Deep immutability could certainly be useful in some cases (e.g., "passing" immutable object structures from one isolate to another by sharing a reference), but that's easy to express as an extra constraint that any given value type does or does not satisfy.

In any case, I'm proposing a low-level mechanism, because we need to express the basic primitives as simple and clean as possible, and then we can combine the low-level mechanisms to form a bunch of different policies.

Those policies would include a definition of operator ==, e.g., as a structural traversal (on deeply immutable object graphs, or stopping at non-value references).

The point I made was that we need primitives. If we change identical to be more and more high-level, then we won't be able to express those policies based on mechanisms, because identical is the low-level mechanism that we already have, and if we put a lot of policy into that then we can't change it.

lrhn commented 2 years ago

Shallow immutability (unmodifiability) is definitely a requirement for structural identity, and deep is not.

If we choose deep structural identity (stopping at references to objects without structural identity, and doing reference identity on those), then it will allow unboxing, reboxing and inlining of the structural-identity based types.

I'm not sure I see the leap to also enforcing structural ==. If such a type uses the default Object.operator==, it will get structural identity checks. If it chooses to override operator==, it can. Nothing prevents it from doing:

 bool operator ==(Object other) => other is MyOwnType && field1 == other.field1 && field2 == other.field2;
 int get hashCode => Object.hash(field1, field2);

Providing an automatic operator== which does deep structural equality (stopping at references to objects without structural equality and doing == on those), is not doing anything you can't write yourself by adding == on the classes.
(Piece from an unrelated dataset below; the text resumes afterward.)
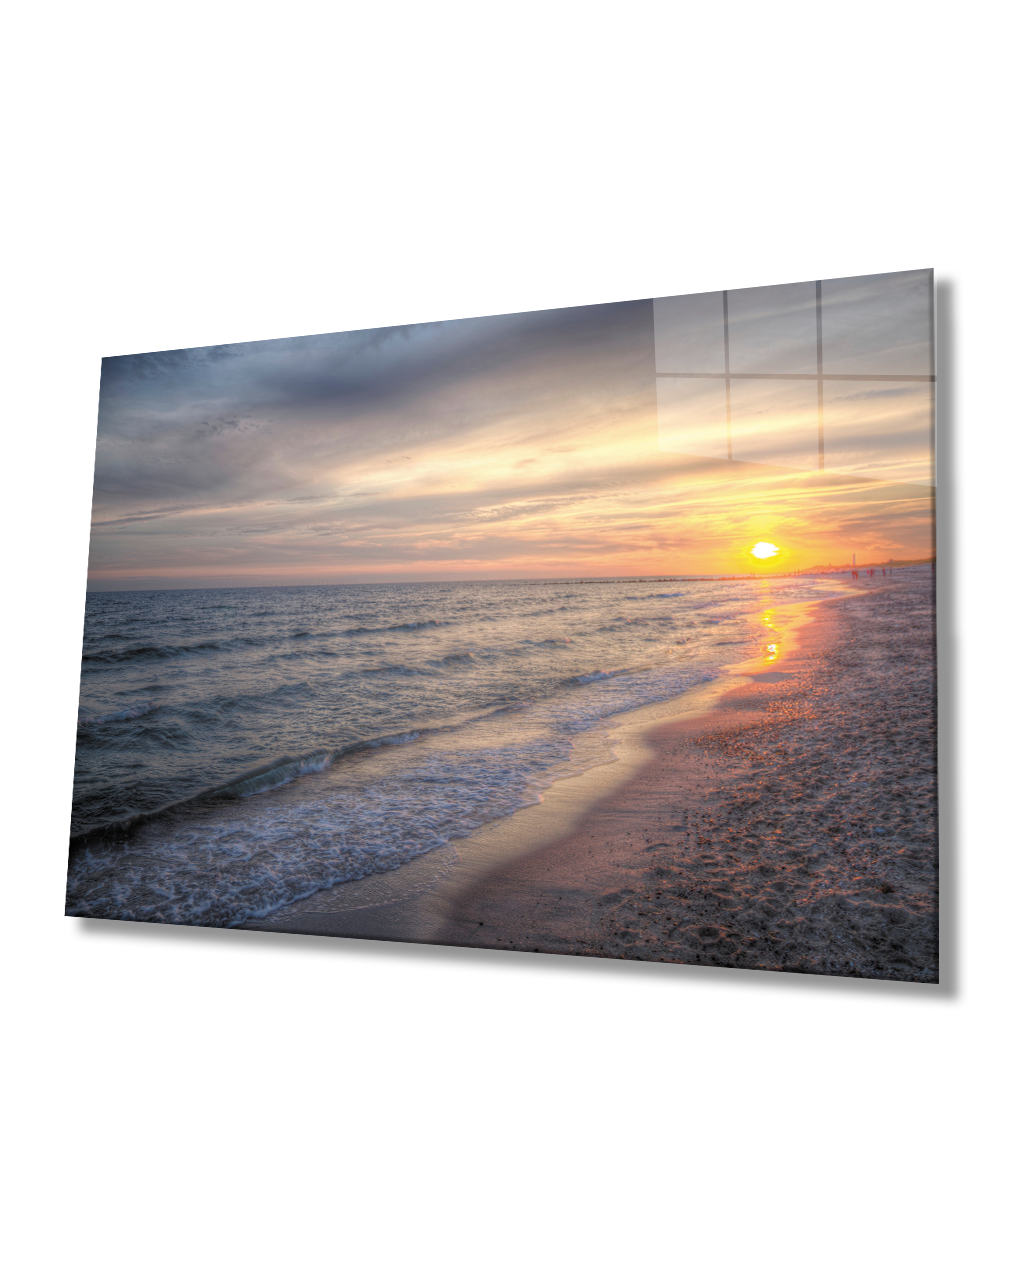 Denizde Gün Batımı Cam Tablo  4mm Dayanıklı Temperli Cam Sunset At Sea Glass Table 4mm Durable Tempered Glass
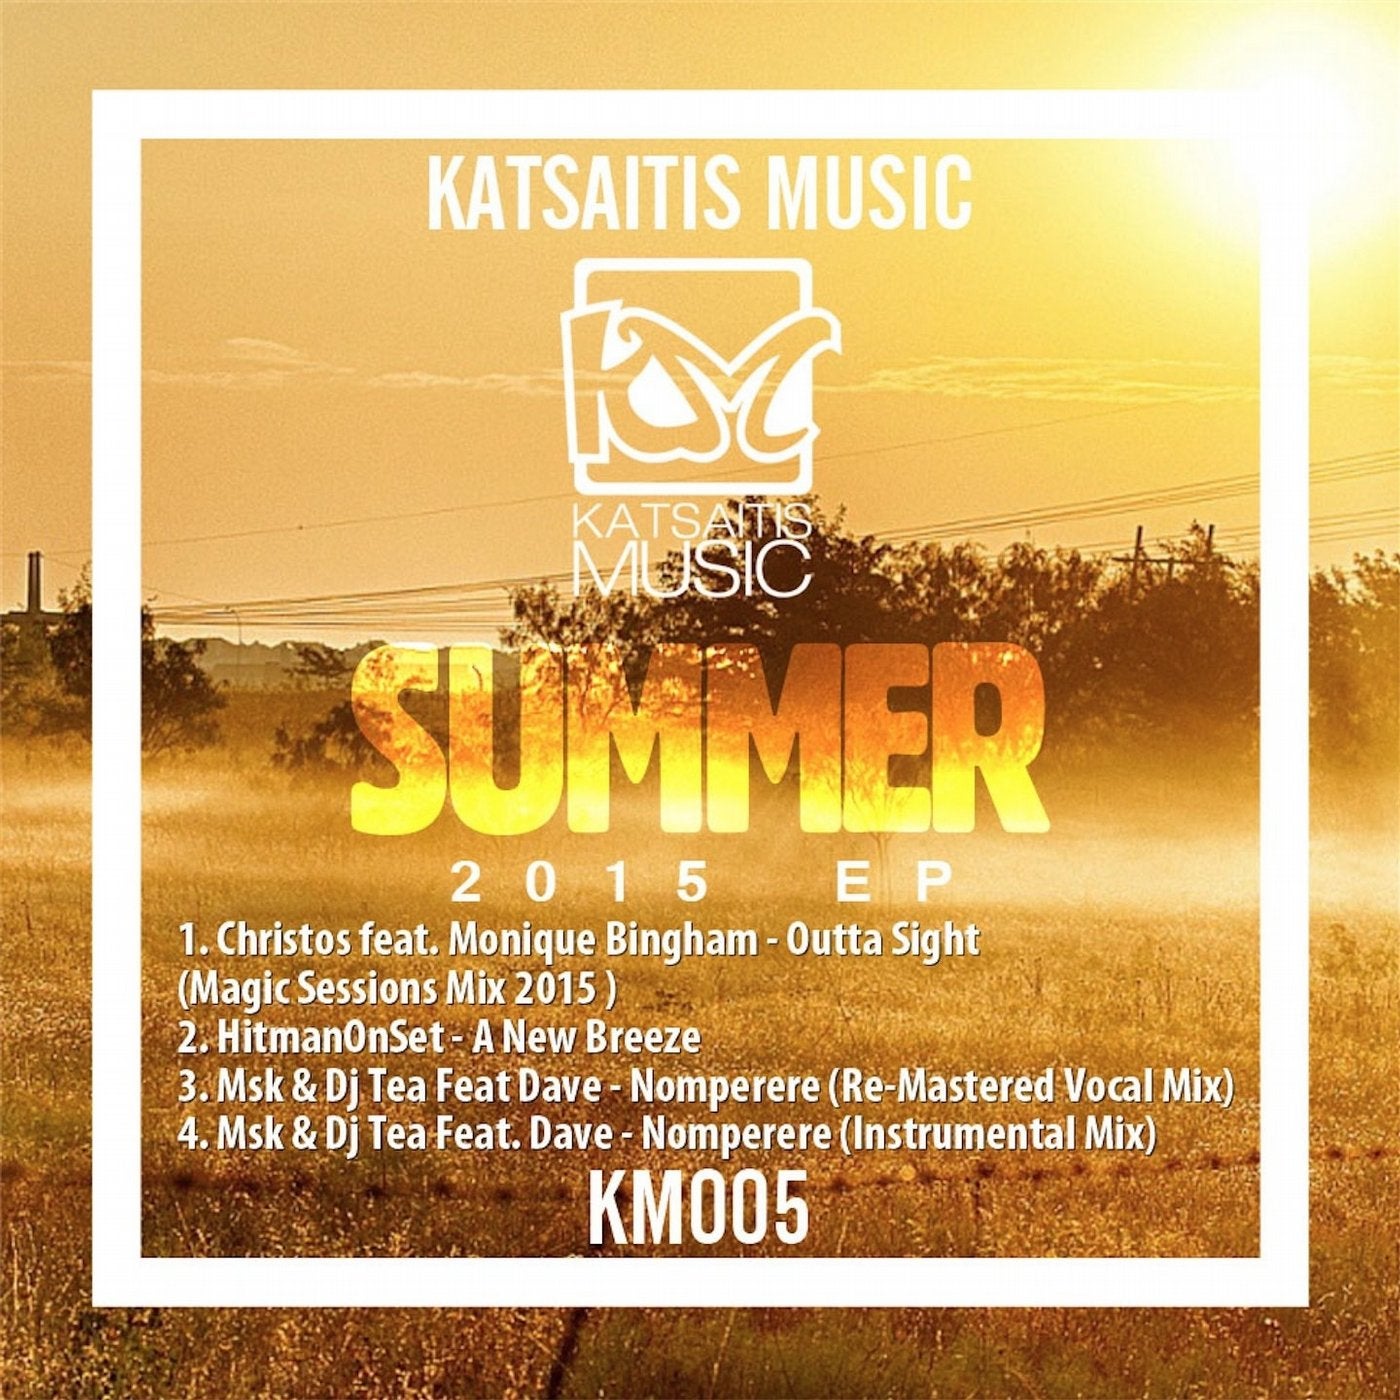 Katsaitis Music Summer EP 2015

I don't see why we have to add it. We can choose to do so, because we think it's what users want, but we can say that about a lot of existing classes too.

That does not hold for records, because they are structural types, so you can't declare methods on them, and we'd give them deep structural equality for free.

The point I made was that we need primitives. If we change identical to be more and more high-level, then we won't be able to express those policies based on mechanisms, because identical is the low-level mechanism that we already have, and if we put a lot of policy into that then we can't change it.

I do not get the point. If we make identical more high-level, by encoding semantic distinctions separate from "reference identitiy" into it, we no longer has the ability to distinguish references to objects that it makes equal. That's the goal, to not be able to distinguish those references. I don't see how that is an argument for also making ==/hashCode higher-level, because you can still override those if you want to. You can't override identical.

(And again, the goal of allowing implicit unboxing can also be served by not having identity at all. It's a little more dangerous, because the language currently do not have an value where identical(x, x) is false. It does have objects that are canonicalized (which is what "structural identity" simulates, without actually requiring it to be implemented as canonicalization).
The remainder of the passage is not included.